Good morning everyone, Friday again and freezing in good old Durban. Today is the last day at my current job and after that I am officially unemployed. So glad the weekend is here because I haven’t had a party in ages.
Well enough chit chat for now, here’s your weekly dose of funny:
A woman’s husband had been slipping in and out of a coma for several months, yet she had stayed by his bedside every single day.
One day, when he came to, he motioned for her to come nearer.
As she sat by him, he whispered, eyes full of tears, ‘You know what? ‘You have been with me all through the bad times. When I got fired, you were there to support me. When my business failed, you were there. When I got shot, you were by my side.
When we lost the house, you stayed right here. When my health started failing, you were still by my side… You know what Martha?’
‘What dear?’ she gently asked, smiling as her heart began to fill with warmth.

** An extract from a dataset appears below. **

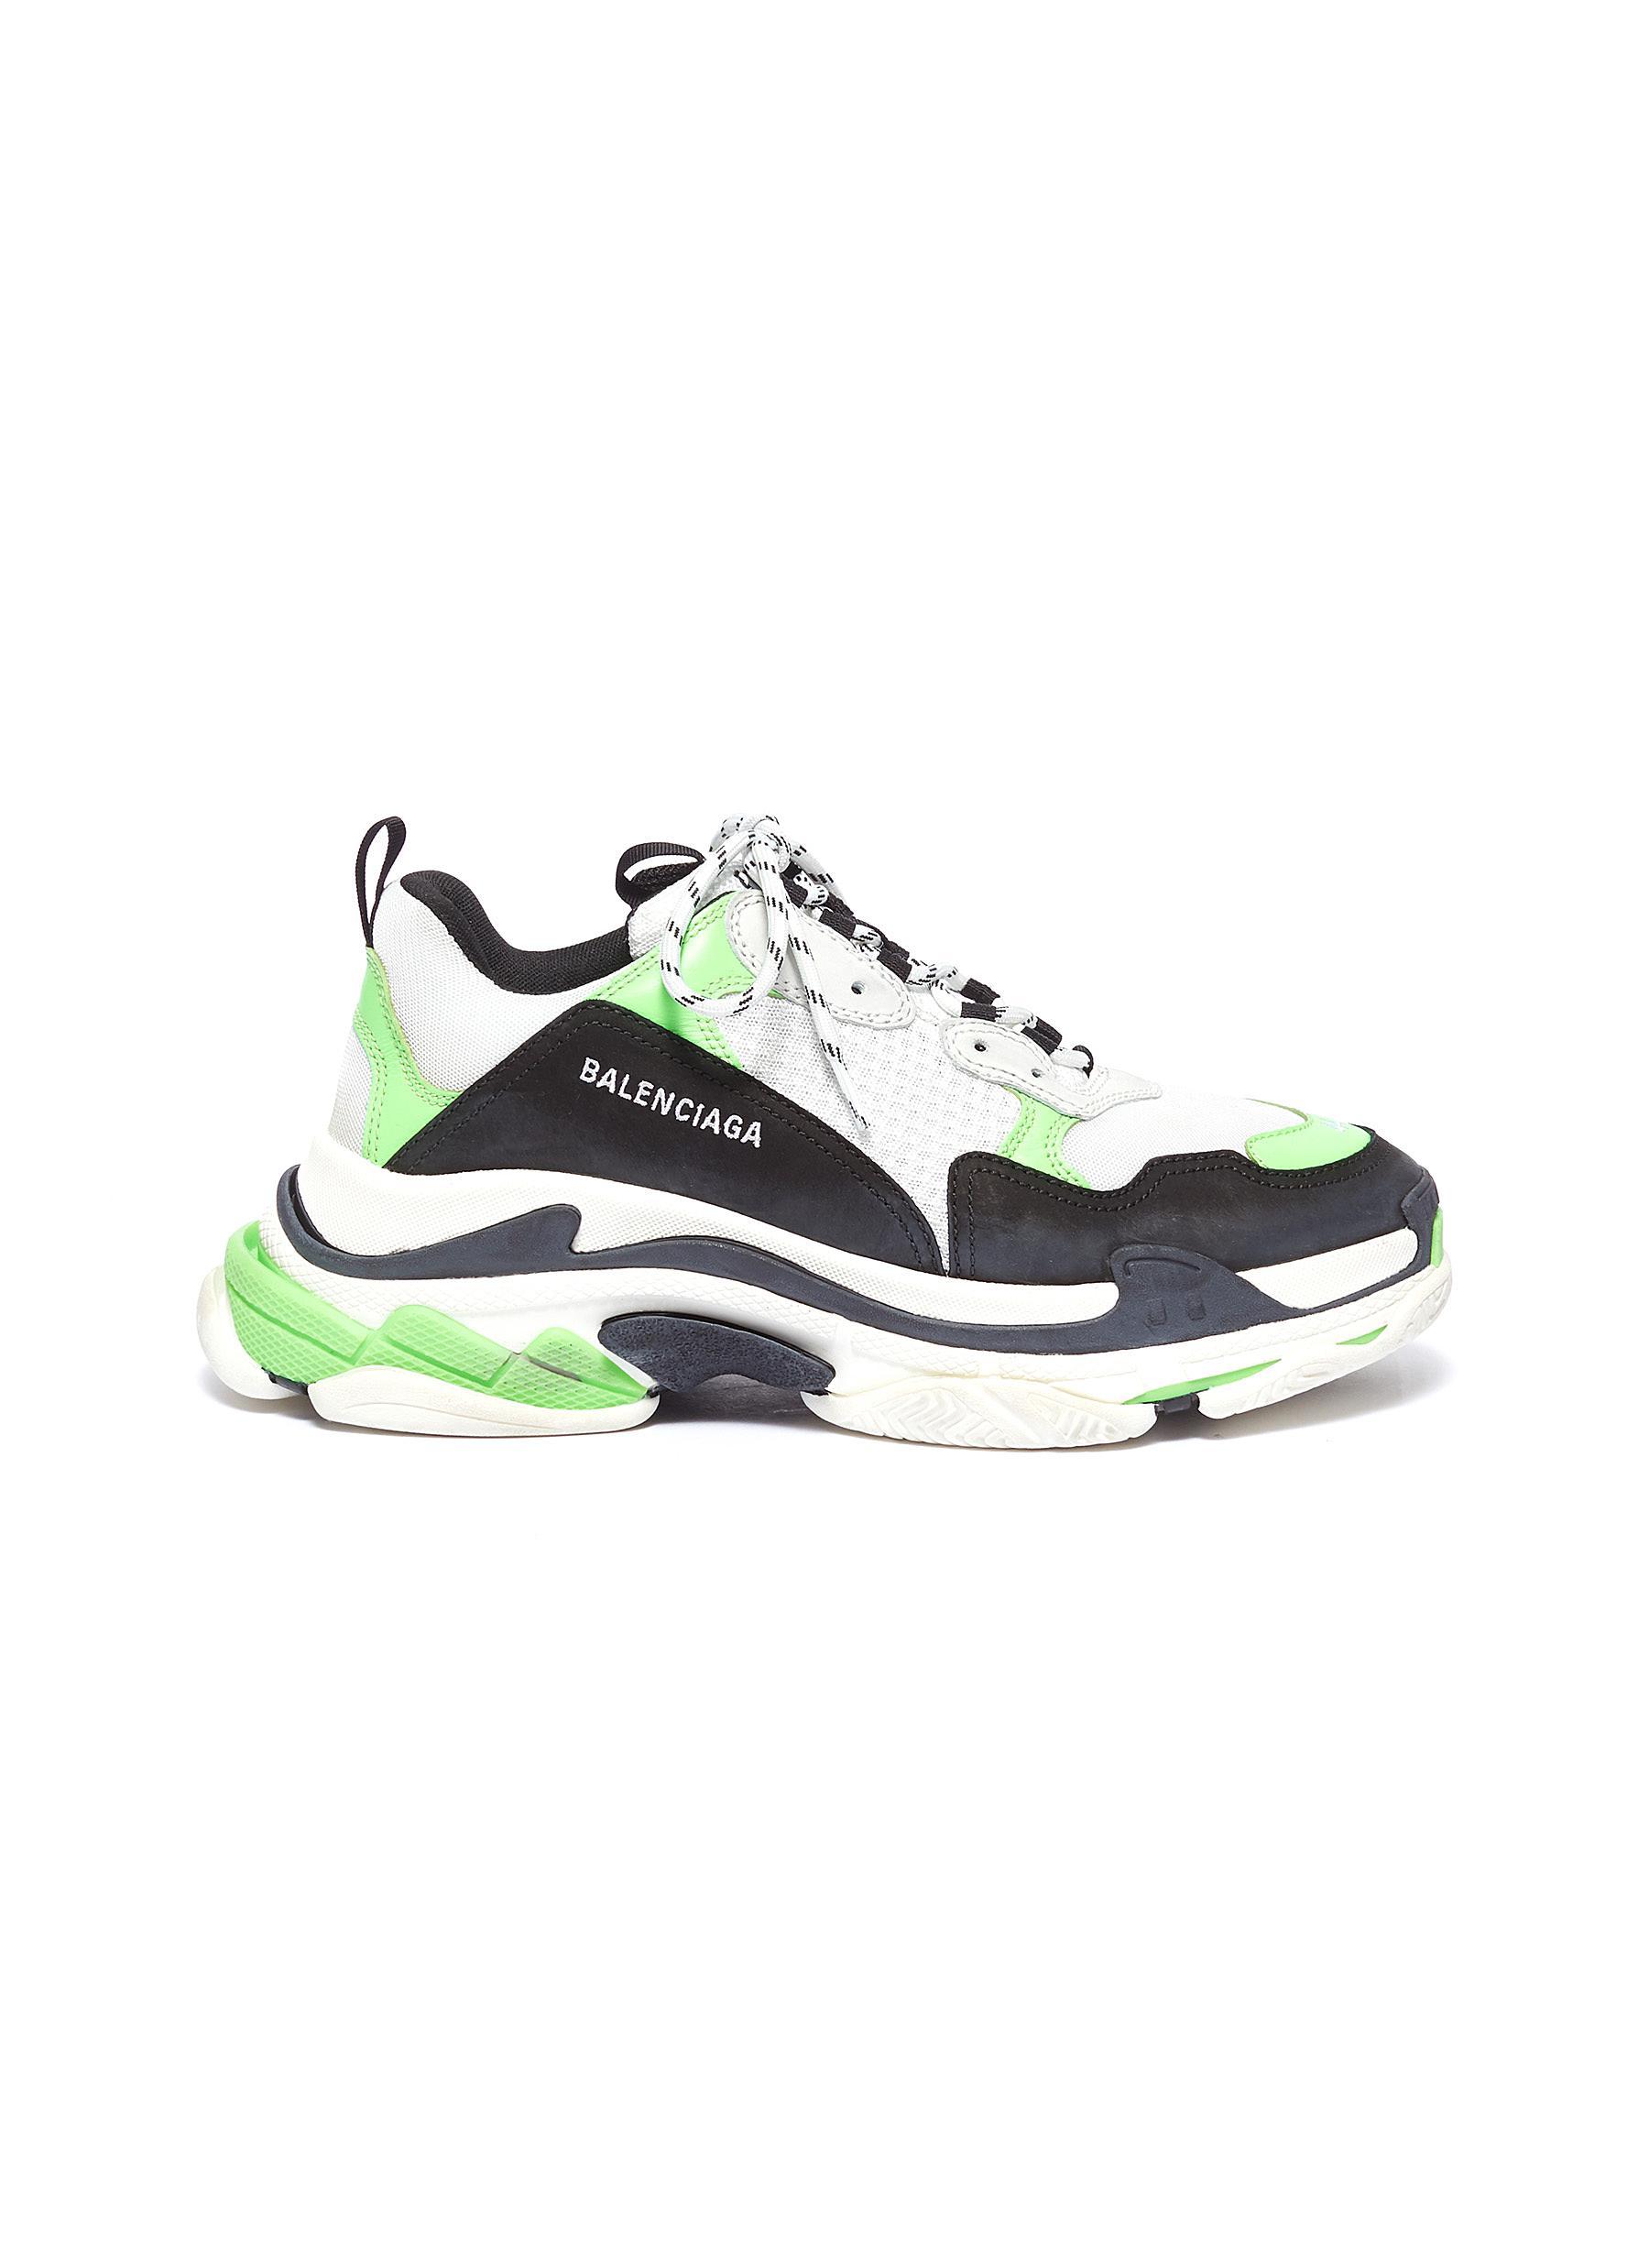 Balenciaga Triple S Mesh, Nubuck And Leather Sneakers in White / Neon Green  / Black (Green) for Men | Lyst

‘I’m beginning to think you’re bad luck…
So yesterday was the day that I had finally had enough of people’s assumptions and decided to put my thoughts across with no uncertainty. I am sure that there are a few people out there that might think I am being unfair and a little harsh but I pride myself on honesty and expect other people to be honest in return.
If I think back over things that I have done in my life, or things that have been done to me, I find it rather difficult to find regrets. This might seem unbelievable to most people but I am a realist and things happen for a reason – either I duffed up or someone else did.
When something goes wrong in my life I choose to see it as a lesson learnt. I might be upset about it for a day or two while I try to figure out what could be learnt from it and then I move on to the next page. If someone does something to offend me I will first of all remain quiet, if that is not warning enough then I will confront them.
If someone lies to me, I will confront them and give them the opportunity to redeem themselves but if they feel that it is appropriate to stick to their lies then they are gone. Lies are simply other peoples’ way of telling you that they thing you are a fool. I am not a fool for no-one and if I have confronted you about your lie and you lie to my face again then screw you – you’re a fool!
I am pretty straightforward and if I say I like you- I do, this does not mean that I love you, I need you , I want you- it means I like you!!! If I say I find you attractive and sexually pleasing – this again does not mean I love you or I need you, it simply means I want you – for a while at least.
Assumptions can be very dangerous and can lead to a lot of mayhem and
misunderstanding. Assumptions can really mess up situations that could otherwise have been great fun. I wish that I could just get it through to the people around me that by lying your way through life you are living life expecting people to lie to you.
I expect people to be honest with me and I find it extremely insulting when they aren’t and even more insulting when they assume that I am not honest with them.
Ps. I still want you – I don’t love you!!